Какую-то долю минуты она колебалась, потом бросила у камня ведро и пошла к мосту. Часовой что-то кричал ей, но она не слышала его слов и все ускоряла и ускоряла шаг. И чем ближе подходила к насыпи и колючей проволоке, тем сильнее и больнее билось ее сердце.
...Да, мост охранял он, ее сын, ее Павел. В руках у него была немецкая винтовка. Она уже отчетливо видела его лицо — нос, глаза, губы, даже родинку на левой щеке... Вот этими глазами он когда-то улыбался ей из колыбели, этими губами касался ее груди!.. До чего знакомой и родной была на лице каждая черточка и... незнакомой, чужой — чужой и холодной до дрожи.

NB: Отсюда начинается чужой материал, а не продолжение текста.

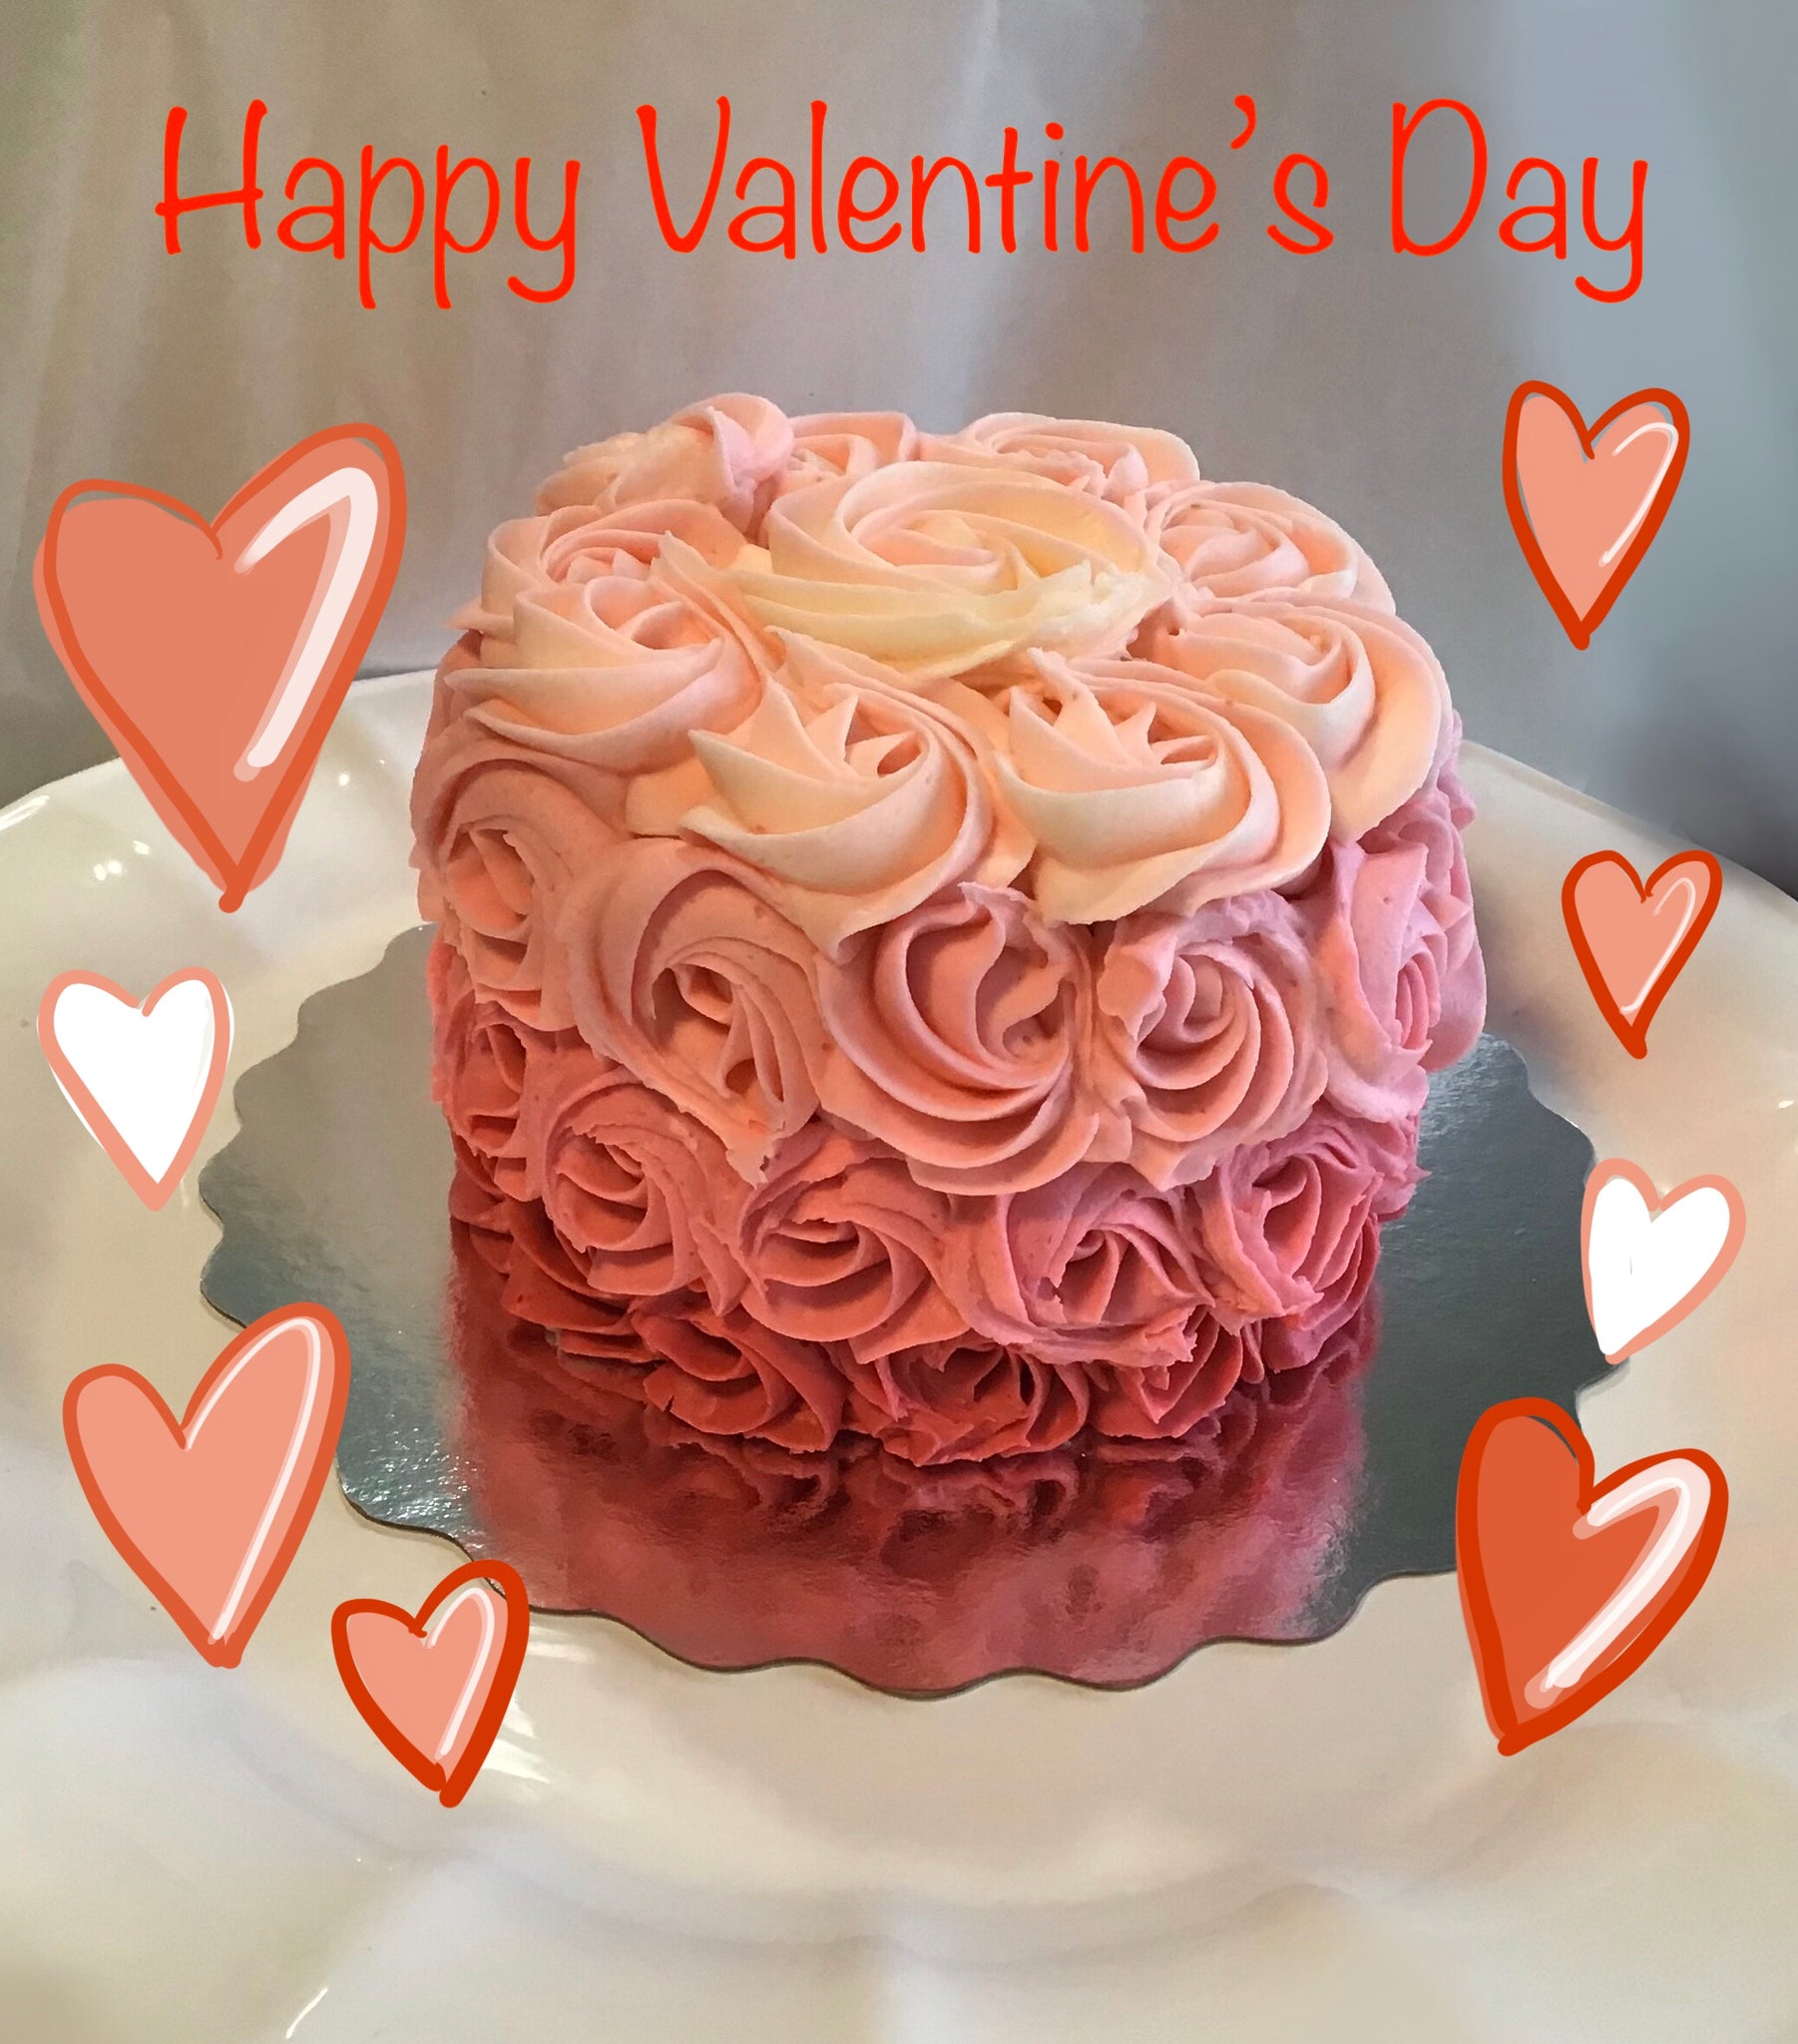 Valentines day cake Vectors & Illustrations for Free Download | Freepik

— Ты чего пришла?! — беспокойно оглядевшись по сторонам, раздраженно спросил Павел, и от его голоса тоже дохнуло холодом. — Я же на посту и мог тебя убить!
— Я пришла посмотреть на тебя. Ты не приходил домой полгода, а я больна.
На мгновение что-то дрогнуло на лице сына. Отведя глаза в сторону, он тихо ответил:
— Я не мог тебя навестить. Я служу в другом гарнизоне. Но сегодня приду. Вот скоро сменюсь с поста, и приду.
— Ты давно тут стоишь?
— Всю ночь. У нас мало людей.
Серое лицо матери стало белым.
— Значит... значит... это ты!.. Это ты! — всем телом подавшись вперед, заговорила она, но Павел резко оборвал ее:
— Уходи! — крикнул он, снова беспокойно оглядываясь на доты. — Нам запрещено на посту разговаривать. Наговоримся дома.
— Ну что ж, пусть будет так, — помолчав, глубоко вздохнула Адена. — Я посмотрю на тебя издали, вон от того камня...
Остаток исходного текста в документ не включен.